Не обращая внимания на его насмешки, я гнул свою линию, чувствуя, что от этих расспросов, представлявшихся мне, впрочем, тягостными и бесполезными, у меня начинает кружиться голова.

— Стало быть, вы можете… больше не петь?

— Я больше не могу петь, — поправил он меня самым добродушным образом.

— Но если бы могли, то пели бы?

Он бросил на меня хмурый взгляд: в нем читалось замешательство, усталость и, возможно, недовольство:

— До чего же мне не по вкусу эти ваши «если»: какие-то они глупые, праздные.

— Вы не хотите мне отвечать? — гневно воскликнул я.

— Поймите вы… Разве я могу влезть в шкуру человека, которым перестал быть — или, может быть, вновь сделаюсь когда-нибудь, но не сейчас, не в эту минуту? Зачем мне ломать перед вами шута?

Он поднял руку, смягчая этим жестом резкость своих слов, посмотрел на меня внимательным, участливым взглядом:

— Вы очень молоды и, боюсь, слишком впечатлительны…

— Так оно и есть, — ответил я сухо.

— Я хочу сказать: вы волнуетесь из-за сущей чепухи. Вам не хватает беззаботности.

— А вам — вам ее хватает? — теперь была моя очередь иронизировать.

— Куда там! Потому-то со мной так неприятно иметь дело, неужели вы не видите?

Как ловко он уходит от ответа, подумал я. И мысленно поклялся: нет, ты у меня не выкрутишься!

— Так значит, у вас что-то не в порядке с горлом? — выпалил я, наивно рассчитывая застать его врасплох внезапным натиском.

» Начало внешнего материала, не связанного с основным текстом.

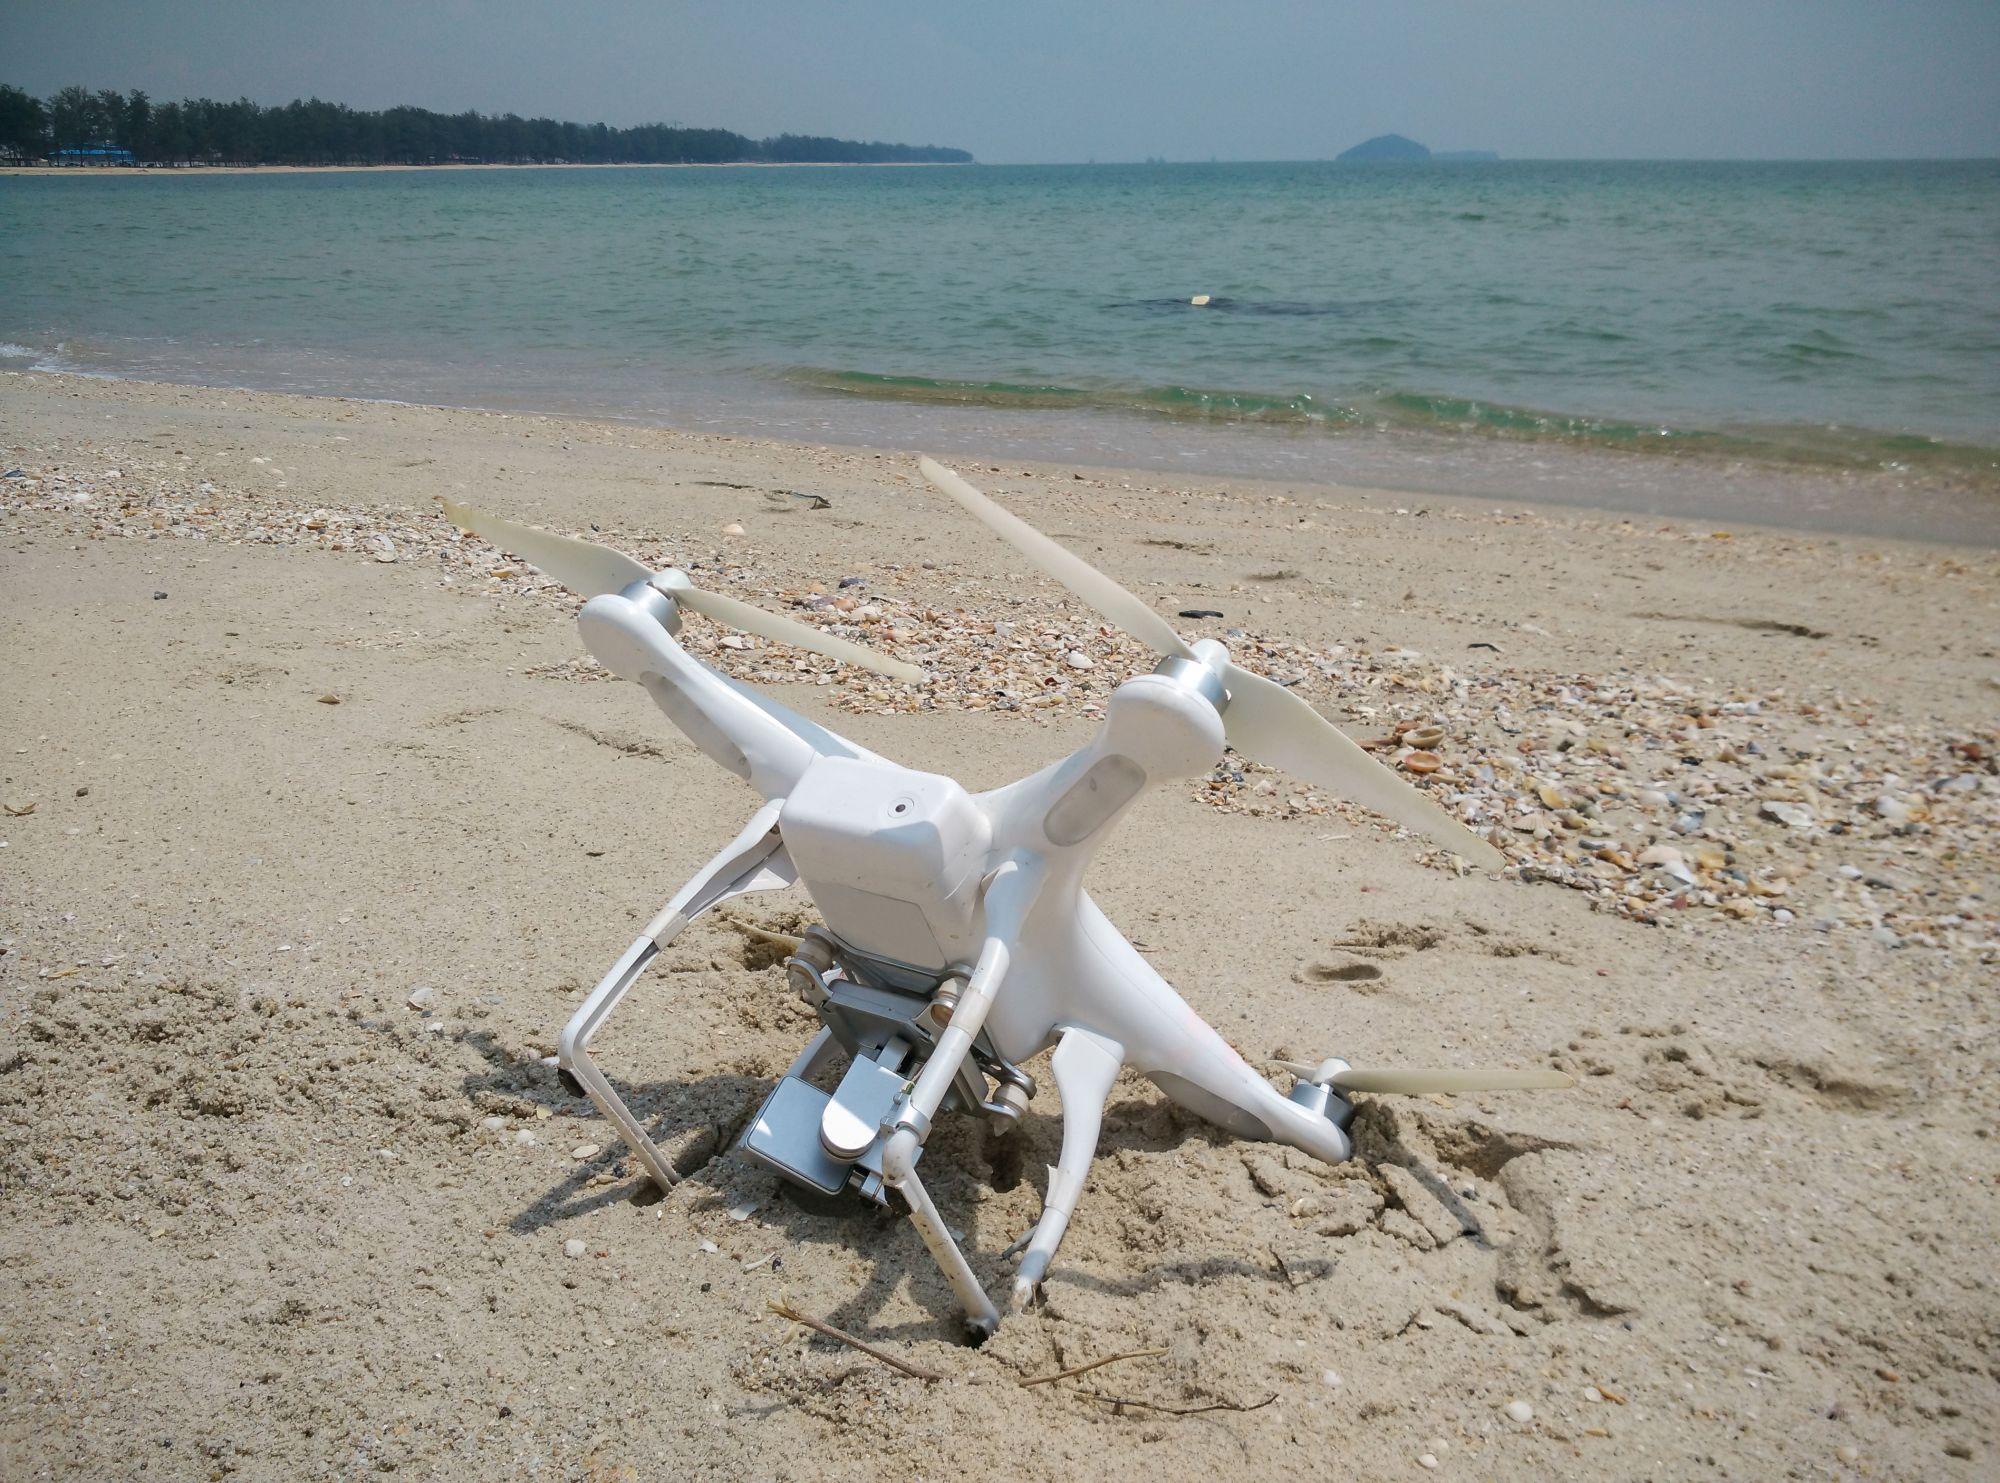 Homokba esett drón

— Кое-кто думает именно так, и это еще не самые большие глупцы! В самом деле, заболевание гортани — вот что все объясняет! Ясно, четко и окончательно!

— Но разве это правда? — я отбросил всякие приличия (мной внезапно овладело страшное раздражение, и я чувствовал, что способен на любую грубость).

— Разве это правда! — Он захохотал, откинув голову назад. — Неисправимый человек! Послушайте: правда это или неправда, в любом случае ни вы, ни я — и никто на свете тут ничего не может изменить. Надо радоваться жизни, надо быть беззаботными, как Папагено!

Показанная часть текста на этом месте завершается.